Brexit readiness score update: UK gets 22 out of 100


Estimated reading time: 5 minutes

Helena Vieira

December 21st, 2017

Brexit readiness score update: UK gets 22 out of 100


Estimated reading time: 5 minutes

In the past three months the possibility of an orderly Brexit has increased markedly. In particular, the European Union and United Kingdom have negotiated a transition period lasting two years. And several thorny issues around the treatment of EU citizens in the United Kingdom have been clarified.

The inaugural Brexit Readiness Score gave low grades on the preparedness of the UK government in nearly all areas, cumulating to an aggregate score of 9 out of 100 points. After progress in several areas over the past quarter, the aggregate score has gone up to 22.

This is the first quarterly update of the index to track progress. Based on available data, each component is scored on a scale of 0 (no progress) to 10 (full readiness). The 10 components are:

  1. Access to European Markets – Tracks the progress of the trade negotiations on accessing European markets. The European Commission has stressed that trade negotiations can proceed only after the treatment of EU citizens living and working in the United Kingdom is clarified and after the “divorce bill” is settled.

Score: 0

  1. Customs, Ports, and Border Points – Assesses whether import and export rules and related infrastructure are in place and can be implemented after Brexit.

Score: 1 (No change since September)

(Some estimates on the actual needs have been made. The issue of a hard border with Northern Ireland is shaping up to be among the most difficult to resolve. Ireland has threatened to block further Brexit negotiations unless this issue is resolved.)

  1. Tax – Captures the readiness of the UK tax administration to handle changes to the value-added tax (VAT) arising from leaving the customs union.

Score: 0

  1. EU Professionals and “Self-sufficient” Citizens – Assesses Brexit’s impact on the workforce, with an emphasis on visa and work permit requirements for European nationals. The UK government had proposed requiring “self-sufficient” EU citizens such as stay-home parents and students to have UK private health insurance or comprehensive sickness insurance.

Score: 6 (Up by 4 points)

(Both the UK and the EU said in December that the agreement would ensure that EU nationals in the UK would retain the same rights after Brexit as they enjoyed before. The UK government has removed the requirement for “self-sufficient EU citizens to “demonstrate Comprehensive Sickness Insurance.”)

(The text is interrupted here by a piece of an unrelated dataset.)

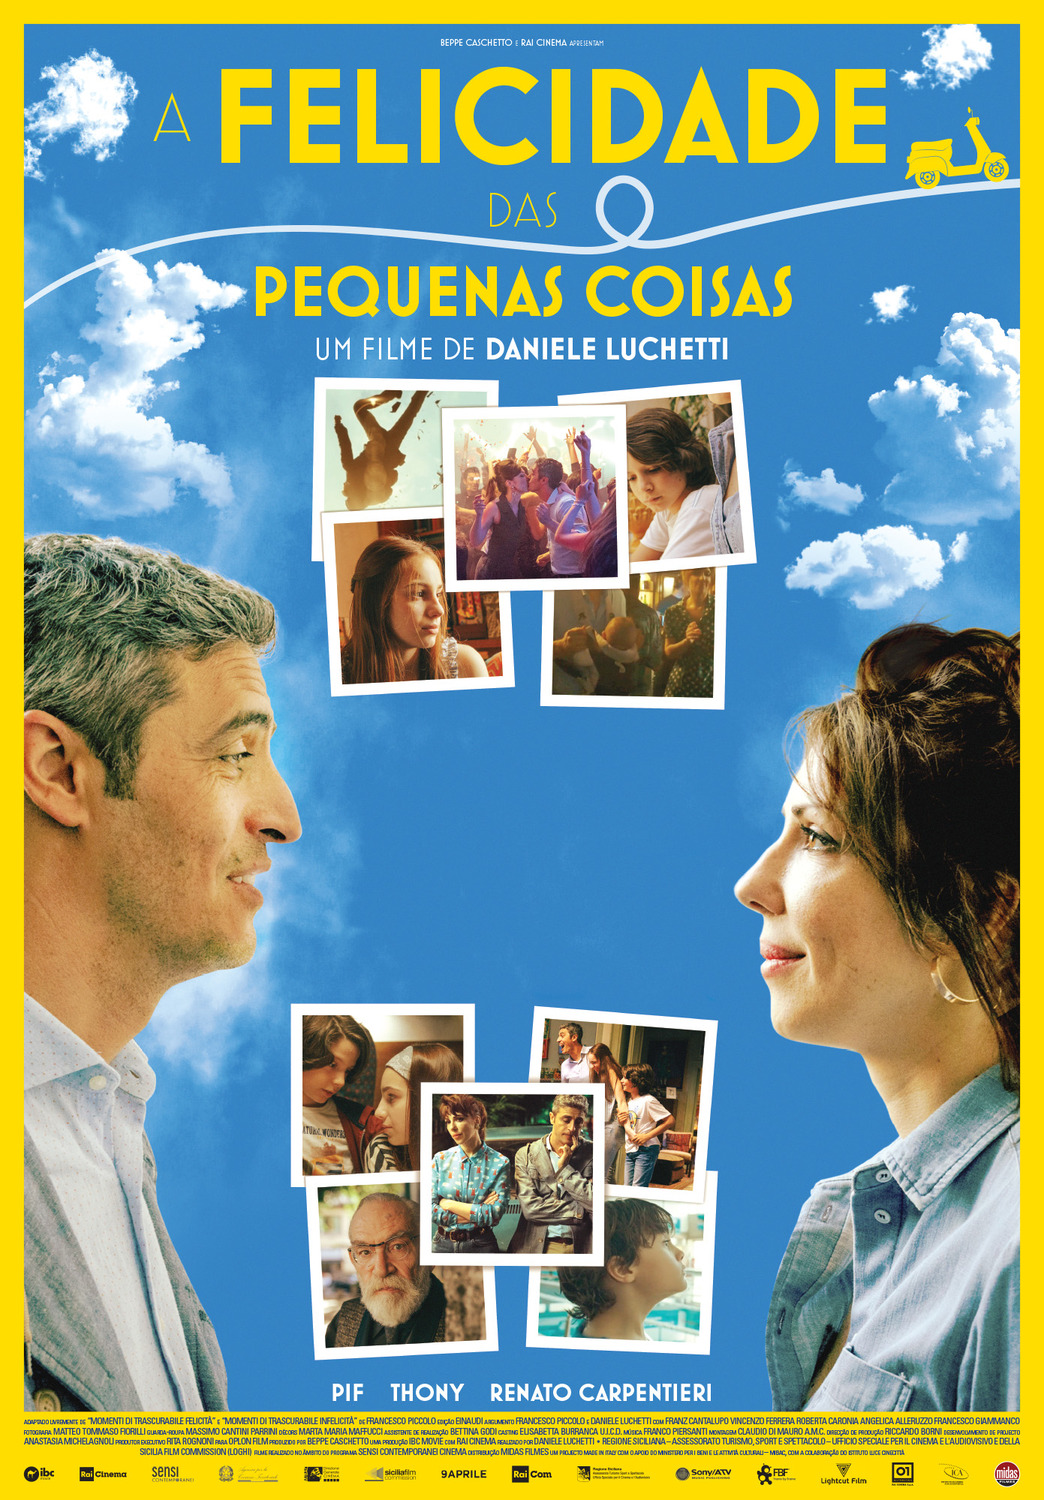 Extra Large Movie Poster Image for Momenti di Trascurabile Felicità (#2 of 2)

  1. Payment for Outstanding Future Obligations – Agreement on the final Brexit “divorce bill” — the share of EU liabilities the UK will pay upon leaving the bloc.

Score: 5

(The UK agreed in December to the terms of a financial settlement that could see the country paying a net amount of at least $59 billion over a period of several years.)

  1. The City of London – Captures the regulatory revisions needed to ensure that UK-based financial institutions can continue to operate in the European Union. Their operations involve passporting and other adjustments.

Score: 2 (Up by 1 point)

(The banking community has warned about the dangers of business moving to New York and other locations without clarity on a transitional period; the negotiated transition period has allayed immediate fears.)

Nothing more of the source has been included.